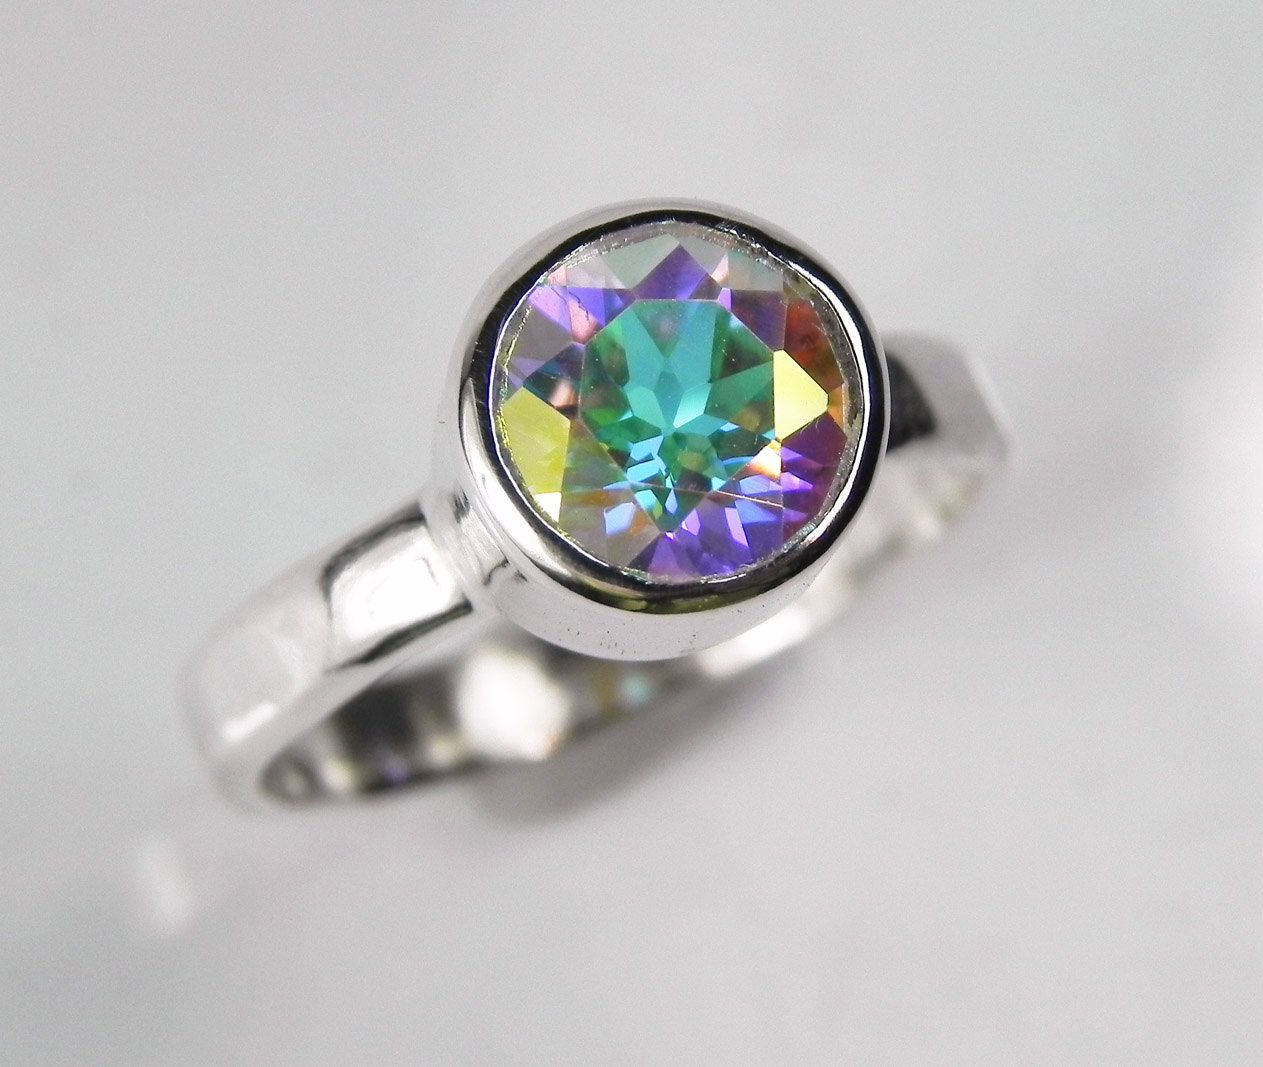 mystic topaz engagement ring unique alternative wedding. Black Bedroom Furniture Sets. Home Design Ideas
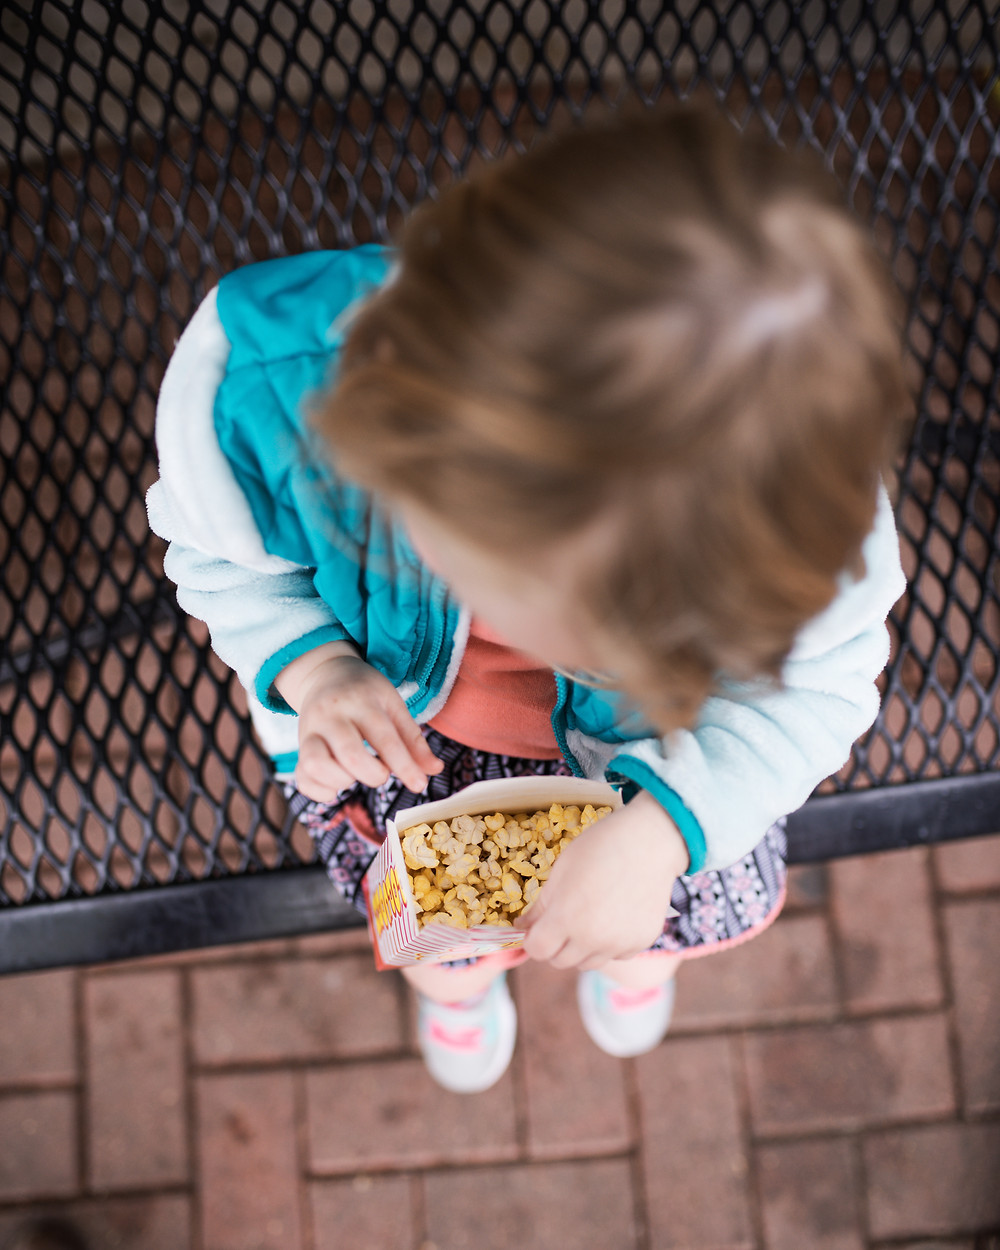 popcorn eating
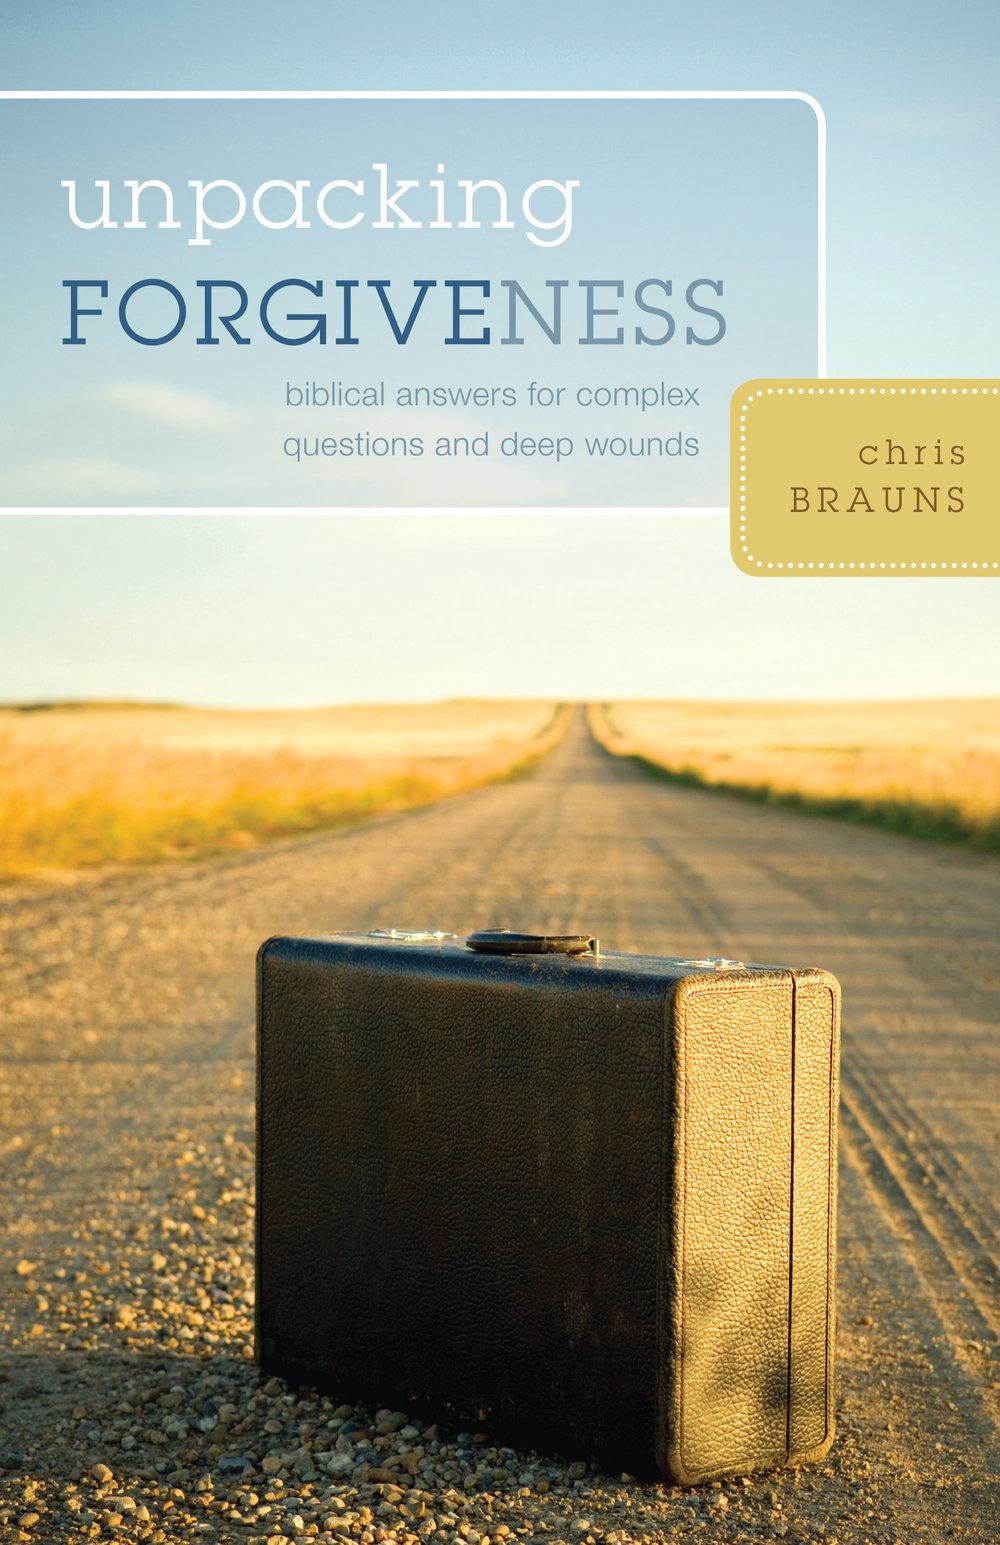 Unpacking Forgiveness - Chris Brauns
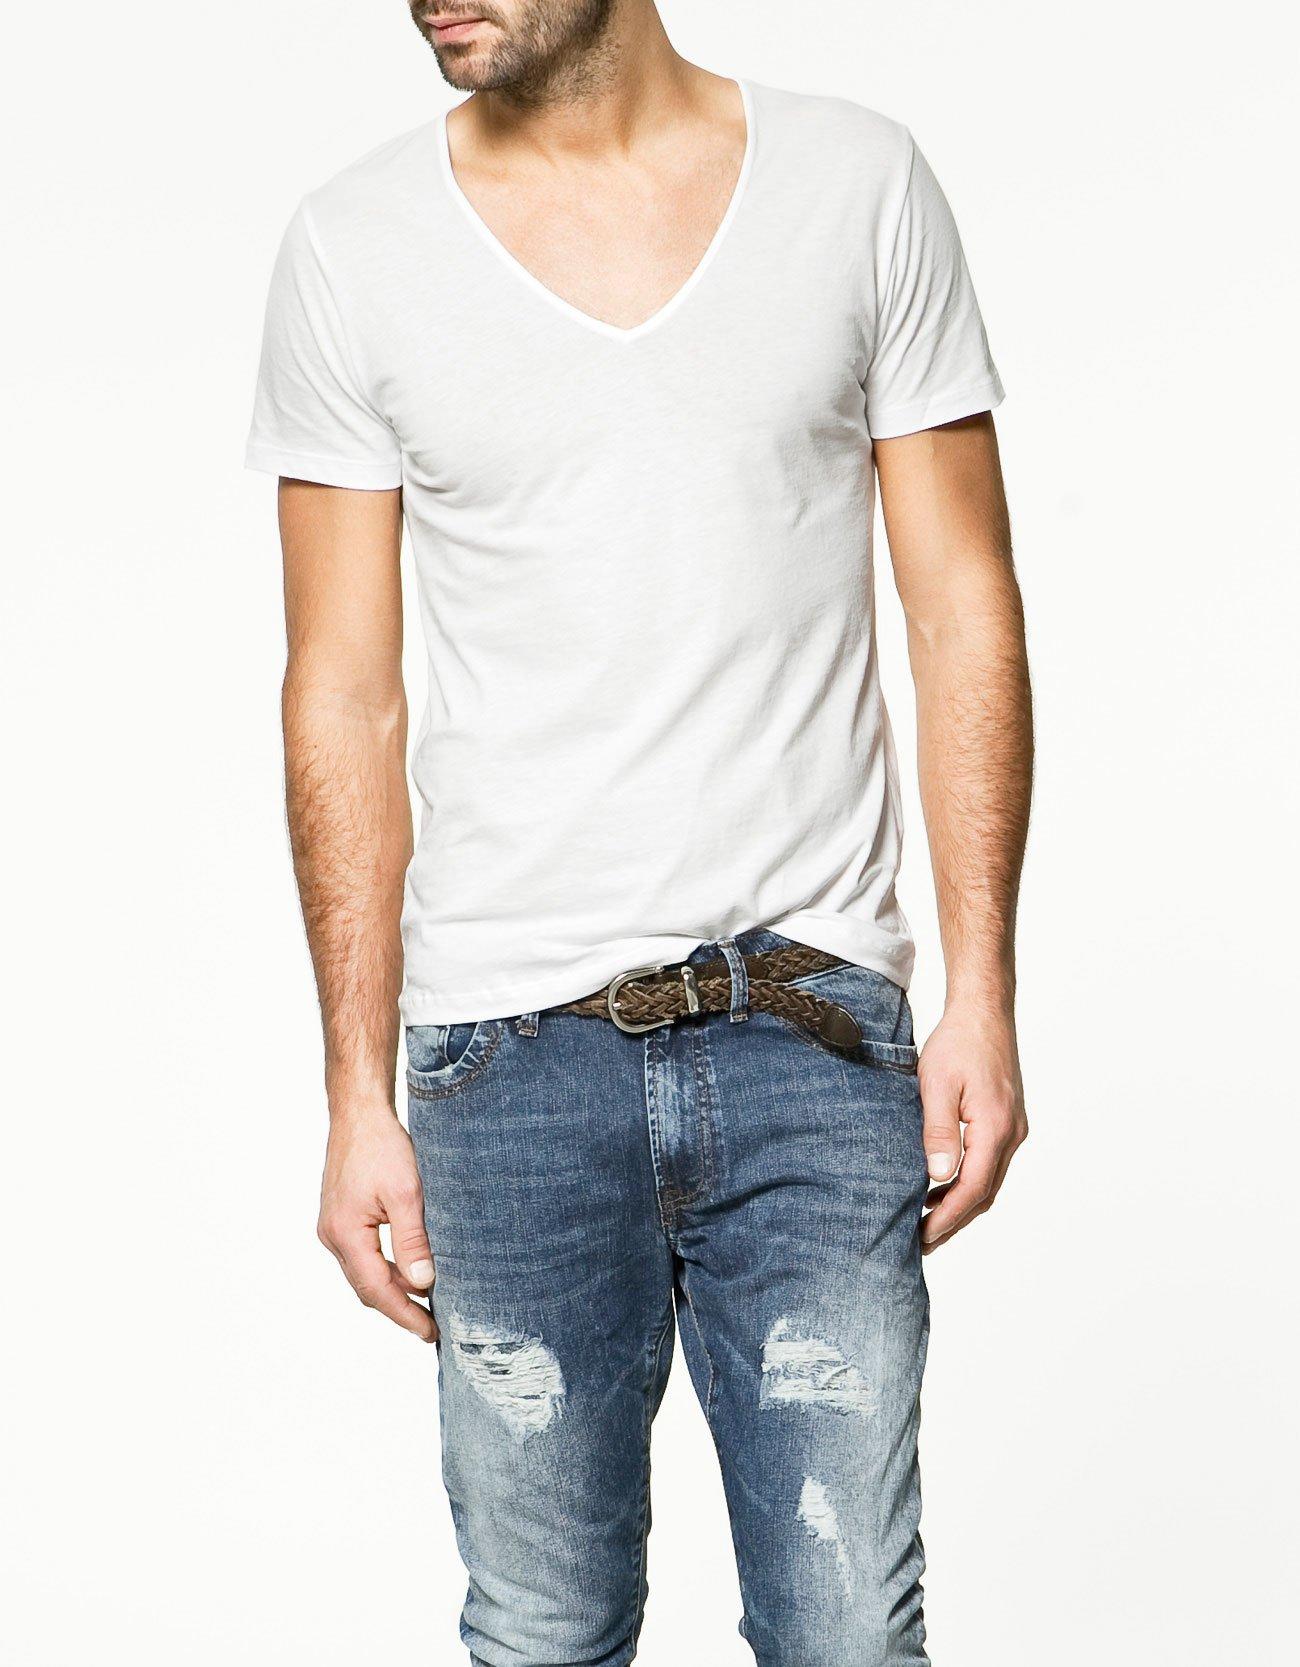 Zara t shirts mens

=-=-=-=-=

**ABOUT THIS TASK:**
Reprint the listing above exactly, without images.

**EXPECTED ANSWER:**
 mystic topaz engagement ring unique alternative wedding. Black Bedroom Furniture Sets. Home Design Ideas
 popcorn eating
 Unpacking Forgiveness - Chris Brauns
 Zara t shirts mens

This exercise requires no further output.